The harness context also made the LLM response more directed after failure:
- After baseline, it exposed the TTFT-only prefill bottleneck and the sharp queueing knee around
sampling_u=0.03515625. - The LLM first chose TP4/DP2 to use the idle 4 GPUs while preserving the validated TP4 shard shape. This failed with
connection refused, matching the no-harness failure family. - The next harness prompt included that failure, and the LLM switched to TP8/DP1 with EP off, explicitly avoiding the failed DP2 family.
- No-harness inserted an extra EP4 launch-failure trial before reaching TP8/DP1.
Conclusion
Harness accelerated convergence mainly through early stopping, not by finding a much better final config on this setup. It reduced GPU trials from 12 to 3 while preserving 99.0% of the no-harness final throughput. It also reached the first strong TP8 point one trial earlier than no-harness.
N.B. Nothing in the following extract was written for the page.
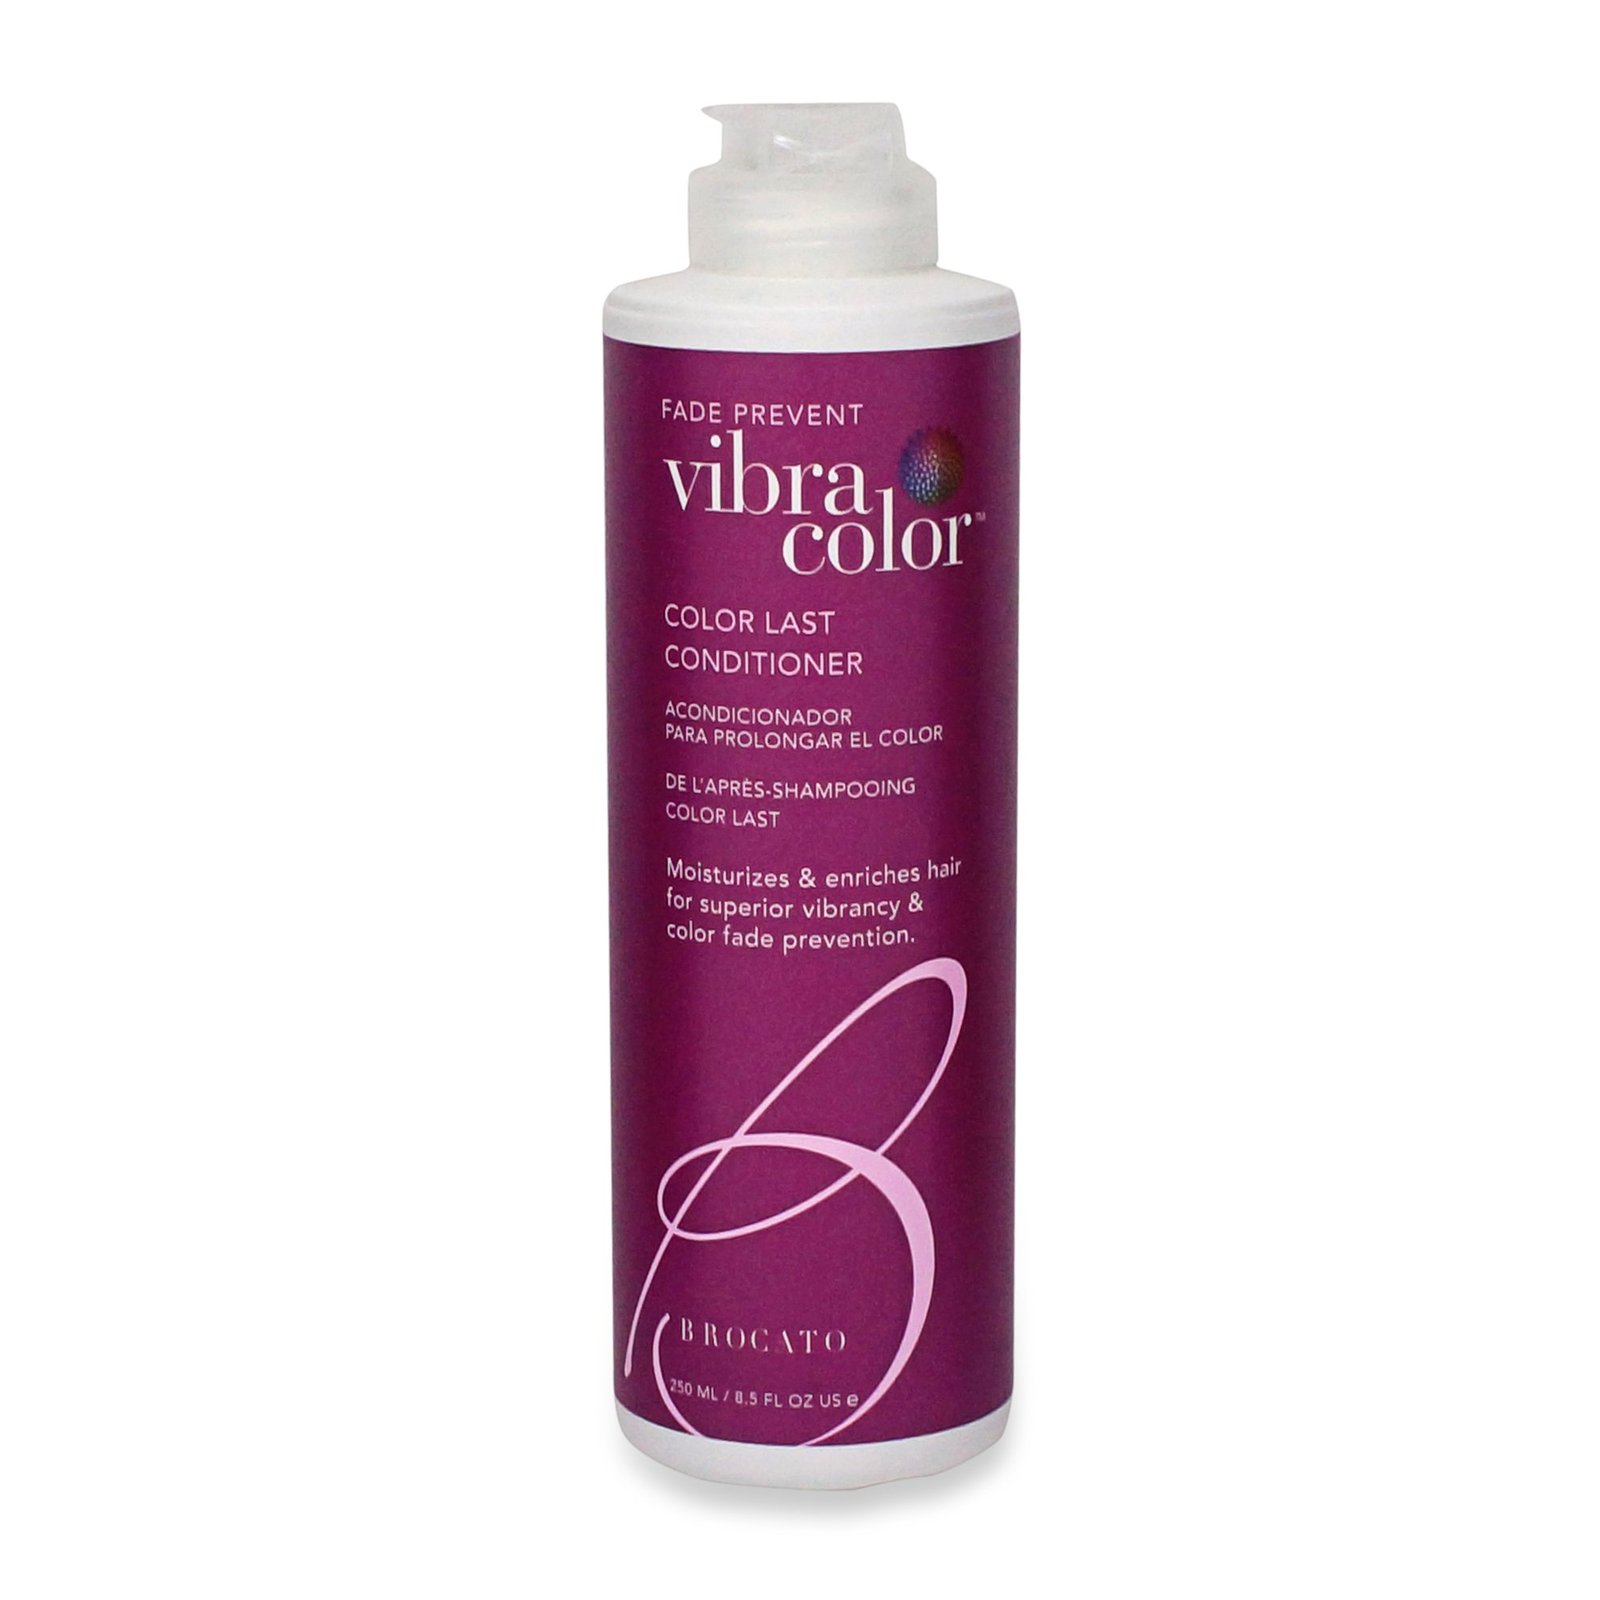 Brocato Vibracolor Fade Prevent Conditioner 8.5oz - $30.20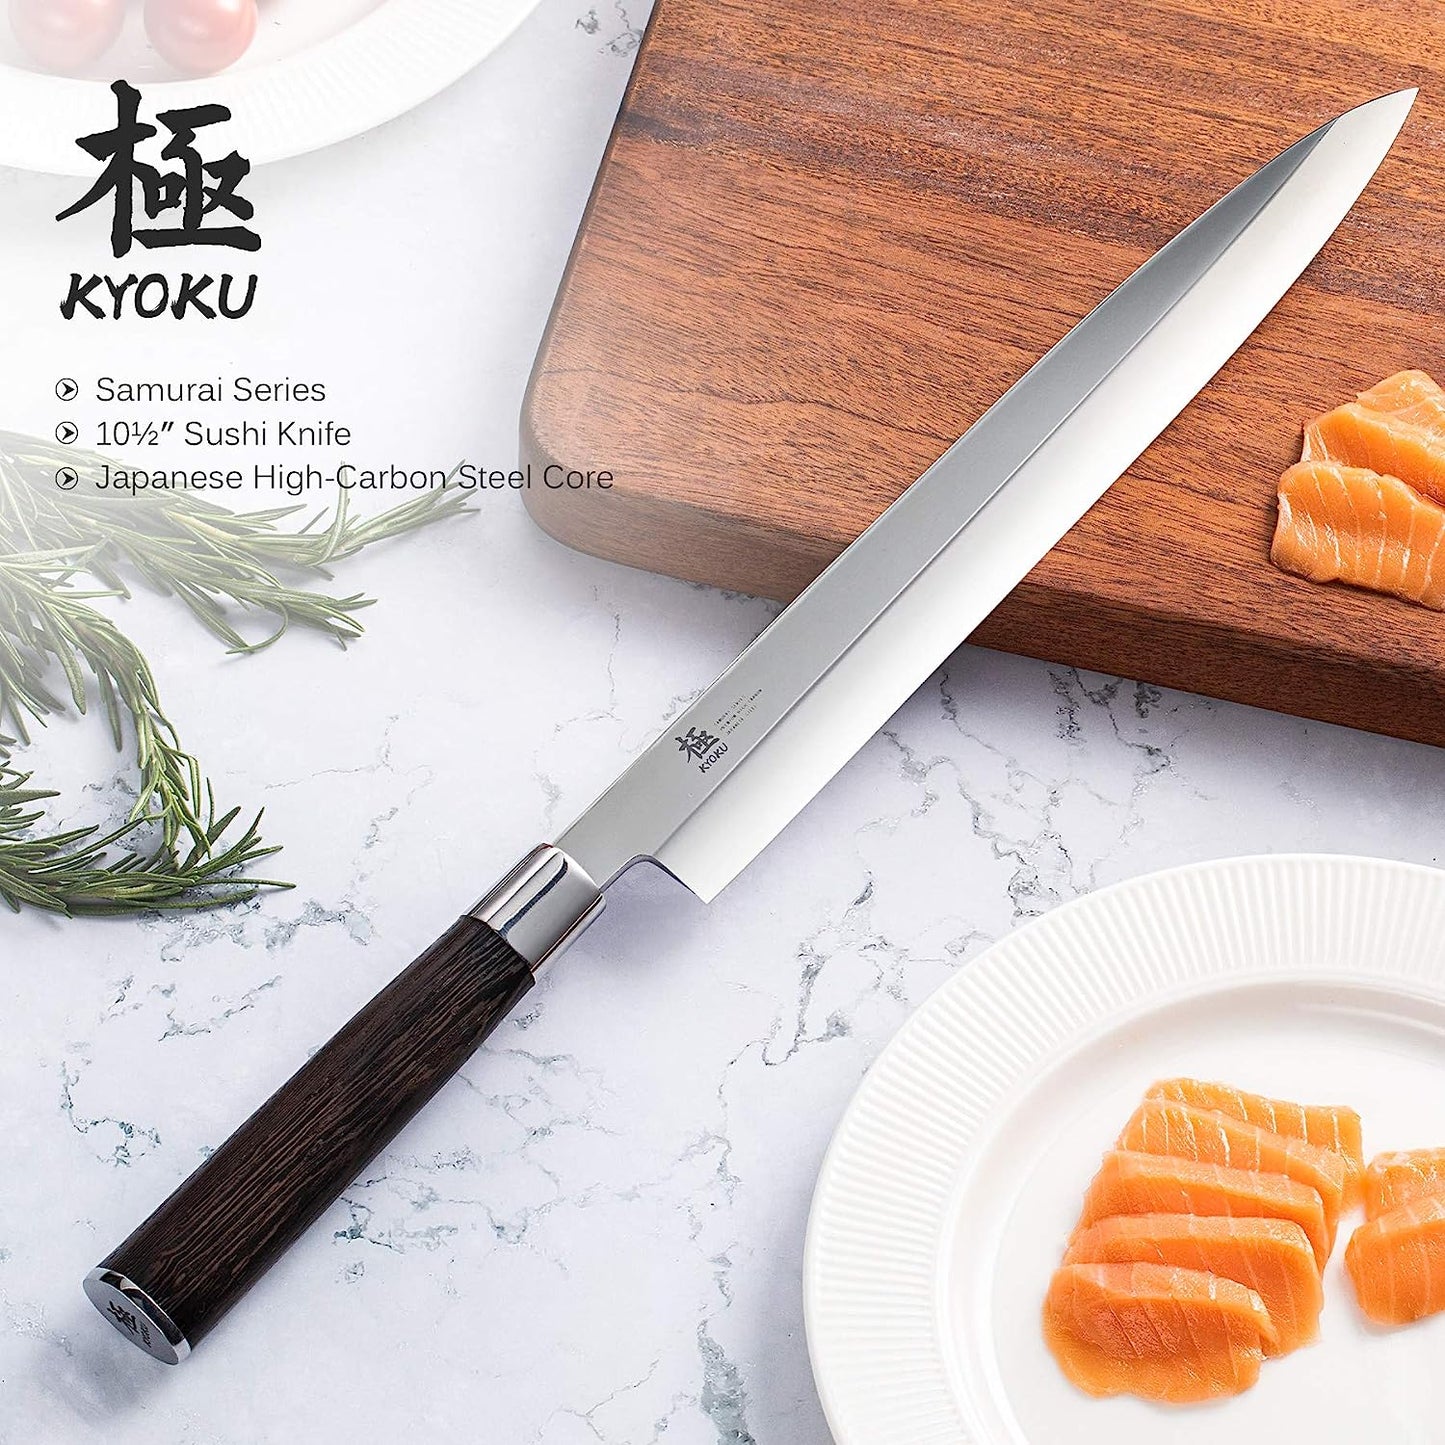 KD 10.5" Yanagiba Knife Japanese Sushi Sashimi Knives Wenge Wood Handle

The limitation is that the generic search-high stop guard stopped before local runtime tuning of max-num-batched-tokens, which no-harness used to recover a small additional 0.97%. For this setup, that tradeoff is acceptable if the goal is fast convergence under a fixed measurement ceiling; if the goal is exact final throughput, the next study should raise search.high or disable search-high early stop for a local-polish phase.